Он слегка поморщился:
– Бог, каким его рисовали в Средневековье, уже не
устраивает людей двадцатого века. Как и ад с кипящей смолой… Половина населения
уже просто не знает, что такое смола. Или деготь. Просто у нас своя дорога
Наверх-К-Совершенству. Как вы знаете, этих дорог множество, но современная
цивилизация выбрала только одну – технического прогресса. Мы же, не
отвергая технических достижений, тем не менее стремимся установить более тесный
и прямой контакт с Верхними Мирами, ибо наша техническая цивилизация существует
только для плоти, а не для души…
Он говорил просто, убеждающе, я почувствовал, что
соглашаюсь, ибо и мне эти дизайнеры одежды с миллиардными доходами поперек
горла, когда настоящие творцы прогресса живут в нищете и неизвестности.

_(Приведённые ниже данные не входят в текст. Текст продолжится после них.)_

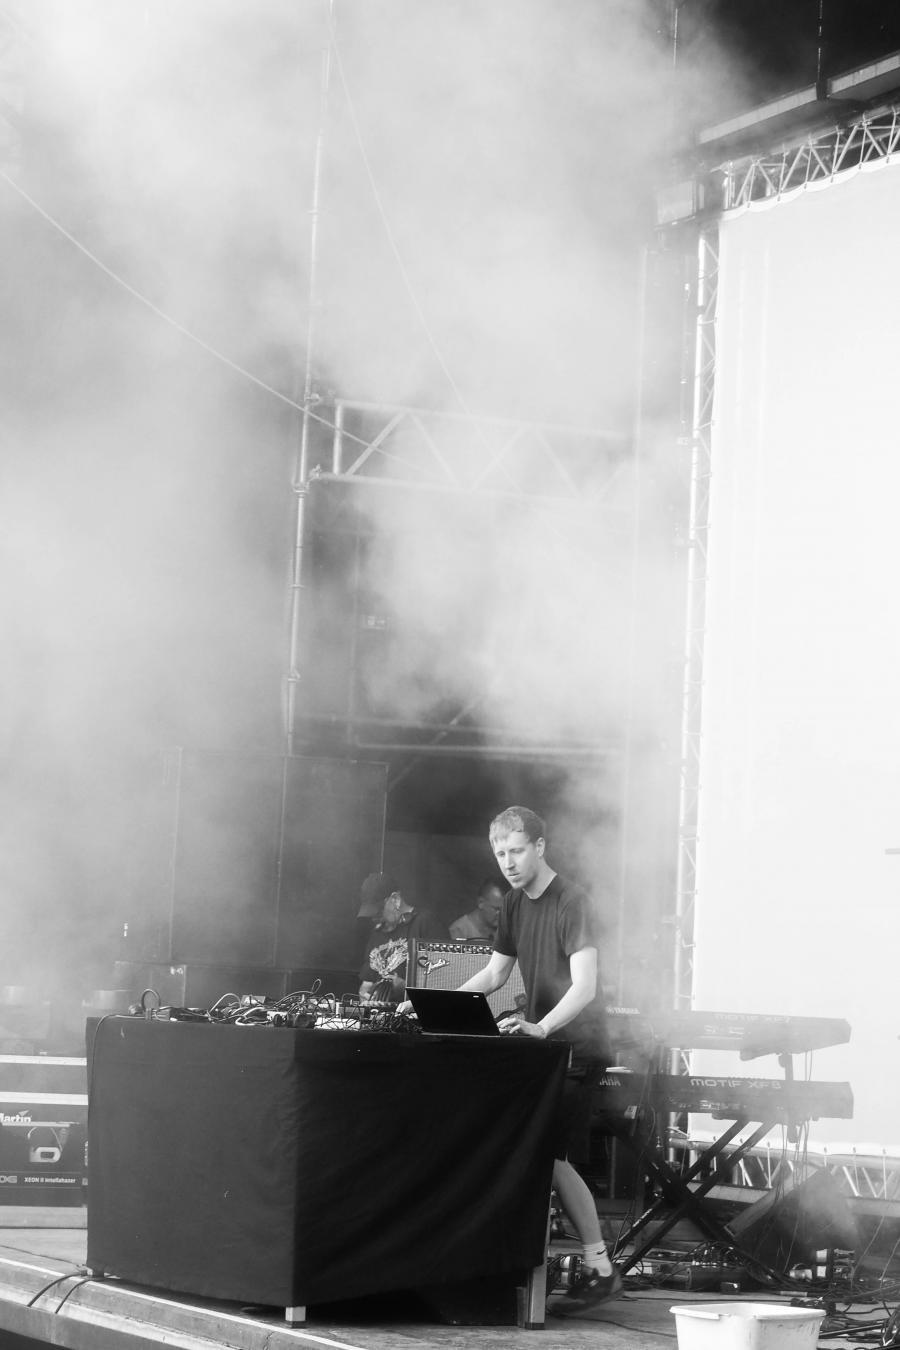 Flying Lotus / Thundercat / Dorian Concept / Jameszoo @ Arena Wien

– Как? – спросил я. – Как входите в контакт с
Высшими Сферами?
Я полагал, что он пустится в заумные рассуждения о
Непознанном и Необъяснимом, о Сверчувственном и Внечувственном Контакте на
грани Внезнания и Сверхпонимания, когда за многозначительными словами прячется
пустота, но он светло и кротко улыбнулся:
– Просто приходите к нам. И увидите.
Он даже не сказал «узрите», держался натренированно легко и
задушевно.
Я кивнул, отступил на шаг. Раз объяснений не будет, то пора
уходить, но неожиданно для себя тоже поддался чувству, спросил прямо в лоб:
– А сами вы верите в то, что вот этим пением, поклонами
и прочим шаманством можно достичь… как вы говорите, Астральных Сфер?

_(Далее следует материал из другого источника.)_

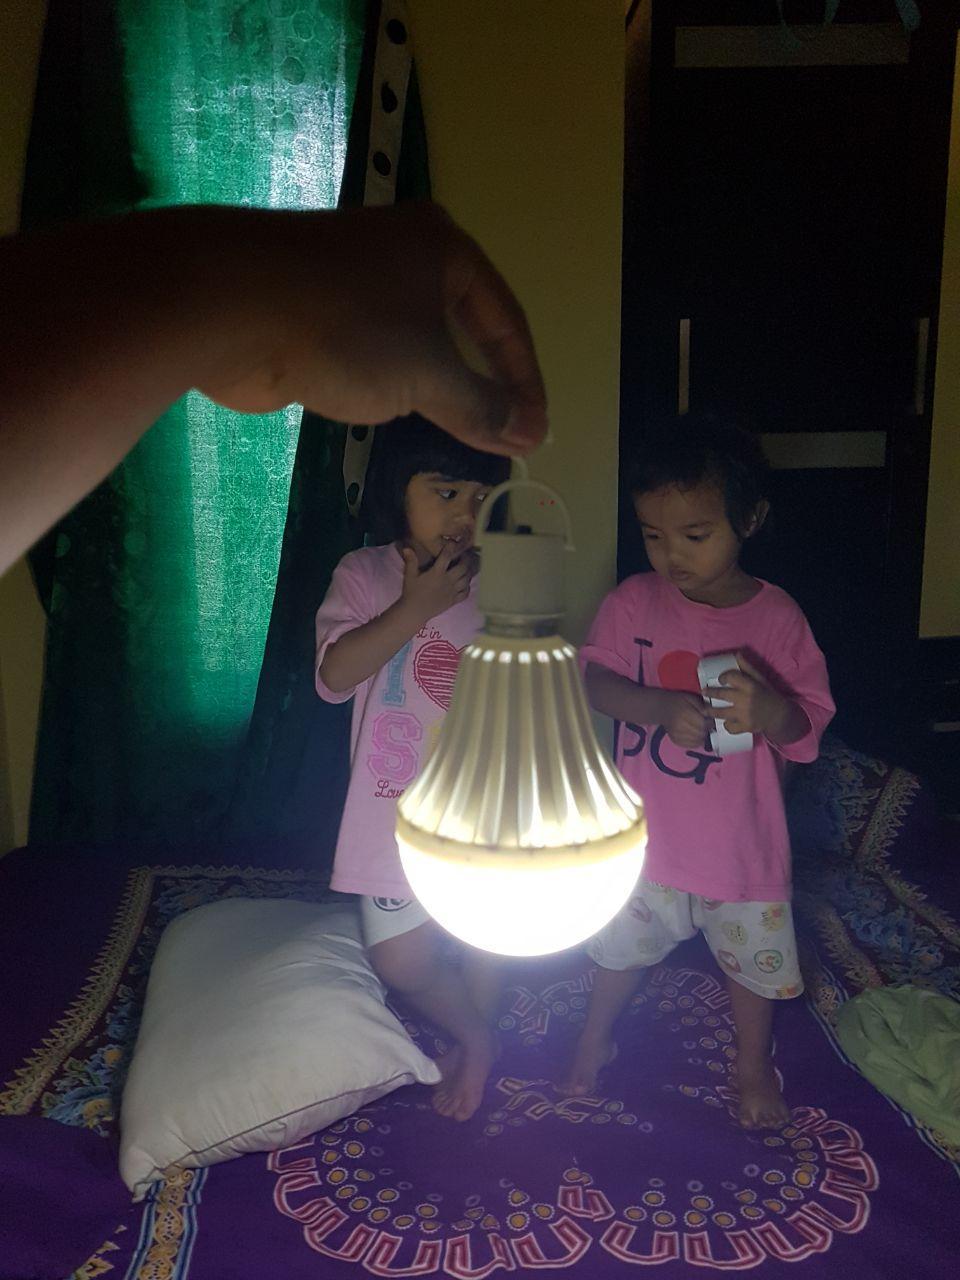 PROMO MURAH!BOHLAM LAMPU AJAIB SENTER LED EMERGENCY MATI LAMPU YAZUHO 15 WATT TERBAIK TERANG BANGET

Марина возмущенно ахнула. Незаметно, но сильно саданула меня
острым кулачком в бок.
Гуру посмотрел пристально. Я видел, как он повел глазами по
сторонам, желая удостовериться, что ученики или прихожане ушли достаточно
далеко, а кроме нас и Марины никого.
– Нет, конечно, – ответил он неожиданно. – Я
не дурак и не сумасшедший. Хотя, признайтесь, вы меня таким считаете.
– Тогда вы мошенник, – сказал я.
Он улыбнулся, покачал головой:
– Зачем так сразу? Какой у вас бедный набор. Либо сам
дурак и верит в то, что говорит, либо помешанный. А то и вовсе мошенник, просто
обирает доверчивых дураков. А если я хочу давать людям утешение?
– Сладкую ложь?
– А почему нет? – ответил он уже резче. – Не
все способны прочувствовать то, что чувствуете вы – или вы еще не
прочувствовали? – и не сойти с ума. Но может быть и хуже. Человек, ощутив
наконец свою смертность, впадет в отчаяние и в предсмертие… да, вся наша
жизнь – предсмертие, каждый шаг – шаг к могиле… так вот в предсмертии
начнет творить непотребное: убивать, грабить, насиловать…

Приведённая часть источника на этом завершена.